Since version 0 was designed only for a specific usage, we encourage you to use version 1 if possible.

Version 1

Version 1 is introduced to support more complex features, e.g., categorical, numerical, ipv4_address, port. You can add the following line

VERSION = 1

to you configuration file to tell the program that the configuration file is version 1. Here is example of version 1 config: https://github.com/hbhzwj/GAD/blob/master/example-configs/detect-config-botnet.py

The main change of version 1 v.s. version 0 is DETECTOR_DESC.fea_option In v1, fea_option is a list of dictionary. Each dictionary specifies one feature and looks like this:

        {
            'feature_name': 'Proto',
            'feature_type': 'categorical',
            ....
        },

feature_name is the name of the feature, i.e., the column name in the data. feature_type is the type of the feature. Please see definition of FEATURE_PROCESSOR_MAP for complete list of valid feature types https://github.com/hbhzwj/GAD/blob/master/gad/Detector/DataHandler.py#L150

numerical

For numerical value, you need to specify 'quantized_number' and 'range'

       {
            'feature_name': 'SrcBytes',
            'feature_type': 'numerical',
            'quantized_number': 50,
            'range': [0, 251771542],
       }

categorical

For categorical feature, you need to specify a dictionary 'symbol_index' that maps each categorical value to numerical value. The dictionary should also hold a key 'DEFAULT' for unknown categorical value. For example:

        {
            'feature_name': 'Proto',
            'feature_type': 'categorical',
            'symbol_index': {
                'tcp': 1,
                'udp': 2,
                'DEFAULT': 0
            },
        },

ipv4_address

ipv4_address is a special type of categorical feature in which the program can generate symbol_index automatically using clustering algorithm. You can optionally add 'ip_columns' that specifies the columns for IPs, or you can just don't set ip_columns. If you set ip_columns in the option (like the example below), it will search IP address for columns specified by ip_columns. Otherwise, it will search for values with x.x.x.x format in column specified by 'feature_name' usethem for clustering (see this code).
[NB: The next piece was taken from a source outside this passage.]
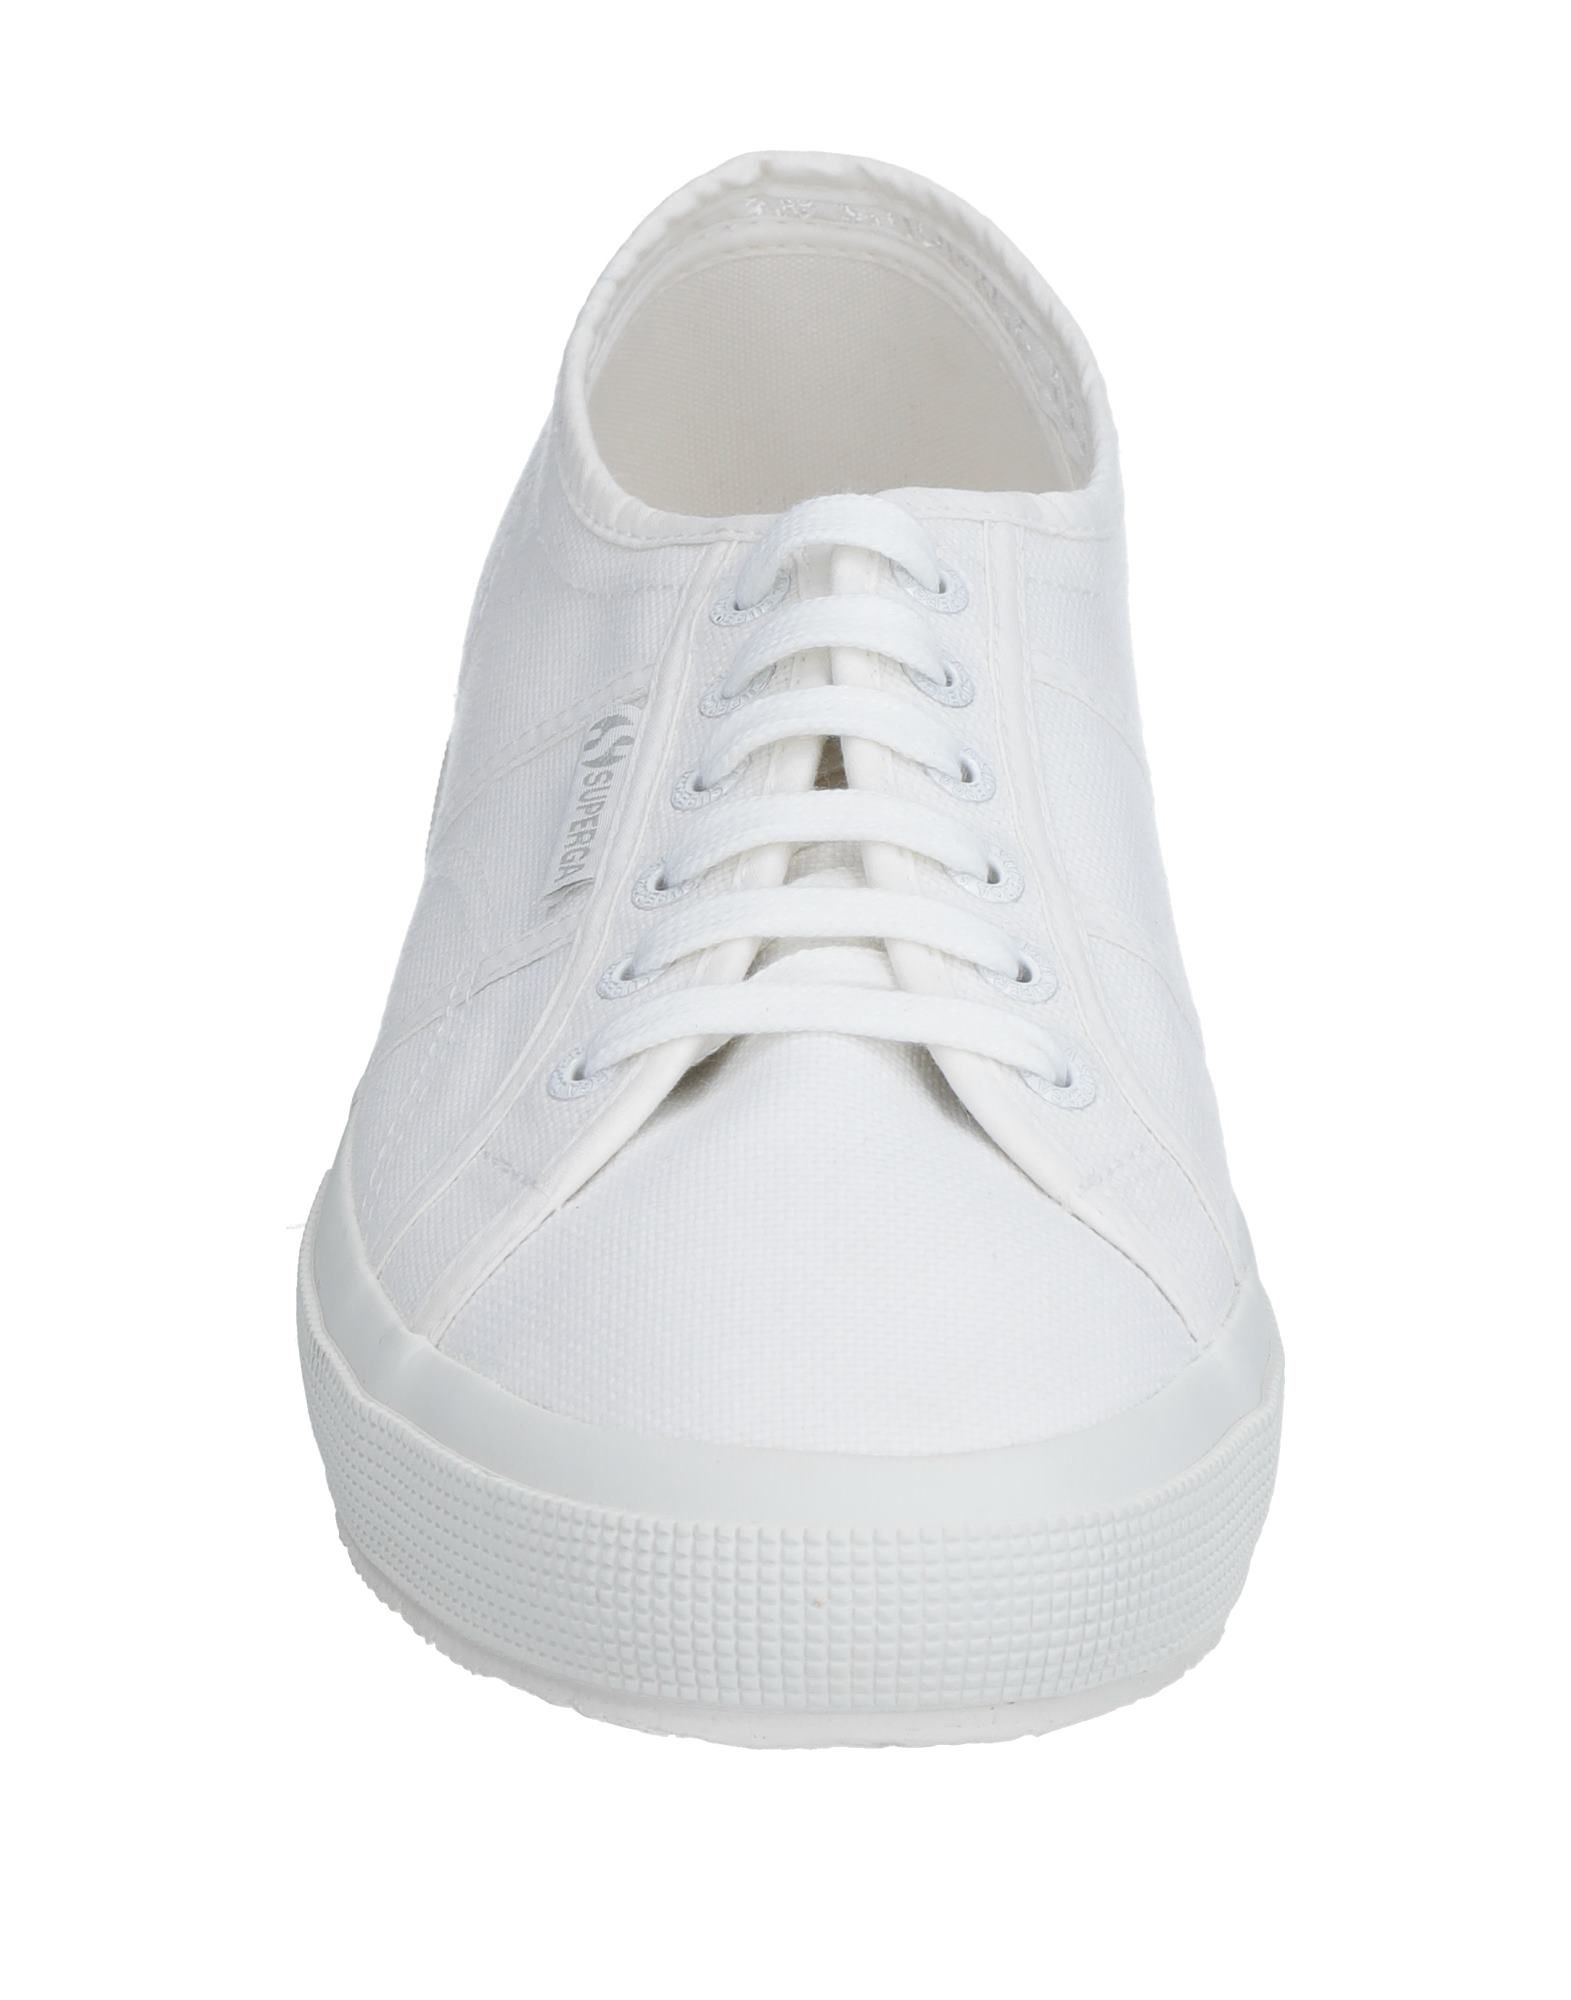 Rabatt echte Turnschuhes Schuhe Superga® Turnschuhes echte Herren 11329136MB e07437

After the clustering, it will create a mapping from IP address to cluster ID. The IP in the column will be replaced as the cluster ID.

In practice, since IP clustering usually takes a long time. We suggest you to do a test run and save the symbol_index file. Later, you just set the 'symbol_index' to the file path.
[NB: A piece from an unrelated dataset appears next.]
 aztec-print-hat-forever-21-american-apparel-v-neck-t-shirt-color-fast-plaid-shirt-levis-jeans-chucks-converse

Here is an example of v2 configuration file. https://github.com/hbhzwj/GAD/blob/master/example-configs/detect-config-botnet-v1.py

In order to save the symbol_index file generated by IP clustering, you can uncomment the following part

        {
             'feature_name': 'SrcAddr',
             'feature_type': 'ipv4_address',
             'ip_cluster_num': 5,
             'DEFAULT': -1,
             'ip_columns': ['SrcAddr'],
             'save_symbol_index_path': './test-data/SrcAddrSymbolIndex.json'
        },

and comment the 'SrcAddr' configuration below it. Make a sample run using the following command:

./cmdgad detect -c ./example-configs/detect-config-botnet-v1.py -d test-data/capture20110816_test.binetflow -m mf

It will not only do a normal run but also will also save symbol_index_path Later, you can use the configuration below

        {
             'feature_name': 'SrcAddr',
             'feature_type': 'ipv4_address',
              'symbol_index': json.load(open('./test-data/SrcAddrSymbolIndex.json', 'r')),
        },

which will bypass the IP clustering step and use the symbol_index file generated in the previous step directly.